Dr. Ashraf Aboul-Yazid in an Interview by Tarek Al-Amrawi, Tunisian Writer and Critic

Dr. Ashraf Aboul-Yazid

Poet, novelist, and translator Dr. Ashraf Aboul-Yazid believes that establishing an Arab critical school—one with its own foundations, theoretical pillars, and practical tools—must begin with a serious critical undertaking grounded in respect for our heritage and a renewed reading of it. Western criticism dismantled and analyzed its own texts before it could build its schools. “We must read our texts from within, not by borrowing hats and coats that do not belong to them. I am also inclined to explore the relationship between a human being and his time—how fear turns into will, and exile into a new homeland for the imagination.”

How would you introduce the novelist and writer Dr. Ashraf Aboul-Yazid?

My fiction is preoccupied with tracing human lives lived away from home—whether the person is a transient traveler, a seasoned wanderer, a daring adventurer, a resident scholar, a working migrant, or a compelled refugee. Since life itself is a journey, and since I have always been enamored with travel, I have come to believe that the image of a human being outside his homeland deserves contemplation. It need not be confined to sociological studies alone; it can also deepen the artistic exploration within narrative writing.

Let me add that my engagement with this kind of writing arose from an inner sense that estrangement is not merely a geographical shift; it is a mirror that reveals the layers of the human being—his strengths and frailties, his tribulations and moments of rising. A person outside his homeland becomes someone else—renewed, wounded, and rediscovering himself. Thus, when I present myself as a novelist, I see my writing as an ongoing quest for this transformed human—the one shaped by the roads he walks, the houses that reshape him, and the times that embody his life.

What are the main issues you explore in your creative texts?

My writings mirror my concerns. Just as I have been preoccupied with portraying the human being outside his homeland, my passion for travel led me to read many autobiographical journeys of notable figures—such as The Travel Memoirs of Sheikh Mustafa Abd al-Raziq during his Parisian journey, and The Folly of Youth by Bayram al-Tunsi during his exile. As for poetry, it is my personal voyage.
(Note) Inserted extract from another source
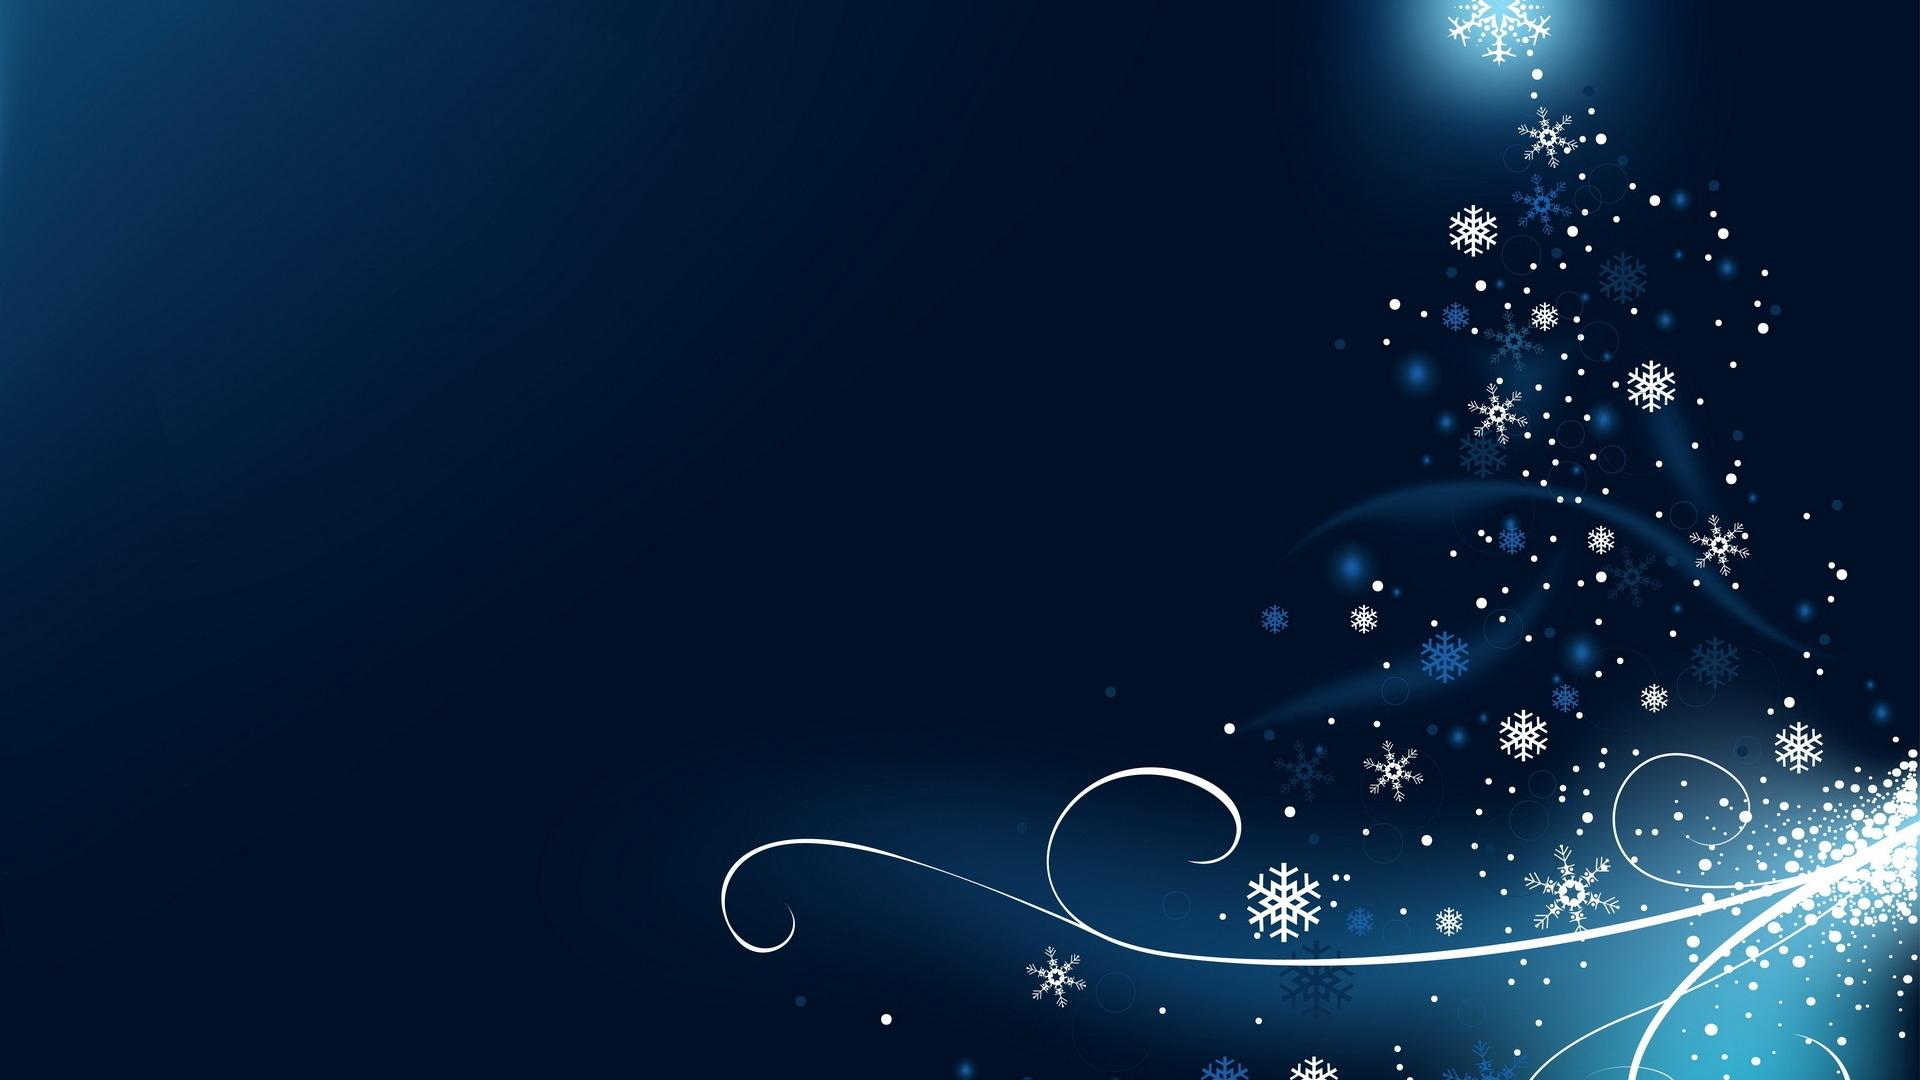 Google themes blue - Google Chrome Themes Christmas Snowflake Theme

I am also drawn to revealing the human relationship with time—how fear transforms into resolve, how exile becomes a new homeland for the imagination, and how language becomes a bridge through which the reader crosses toward himself. Amid all this, poetry remains the most intimate companion—the voice of the self when it removes its masks, and the endless notebook of the journey.

Which literary schools have influenced your writing?

Just as I practiced various forms of literary expression—poetry, prose, and translation—my reading library (in Arabic) has been rich. I can mention, as examples rather than a complete list: in fiction, I enjoyed the works of Yahya Haqqi and Naguib Mahfouz; in poetry, I admired Salah Abdel Sabour and Amal Dunqul; and in the arts, I was inspired by Mohieddine Ellabbad and Tharwat Okasha. Their influence was not superficial but served as sources of spiritual and aesthetic illumination:
Yahya Haqqi taught me the sensitivity of living detail; Naguib Mahfouz taught me how to construct a complete fictional world; Salah Abdel Sabour and Amal Dunqul transformed poetry, for me, into something more than language—it became a stance, a vision, and the ability to open a wound so that it may give light.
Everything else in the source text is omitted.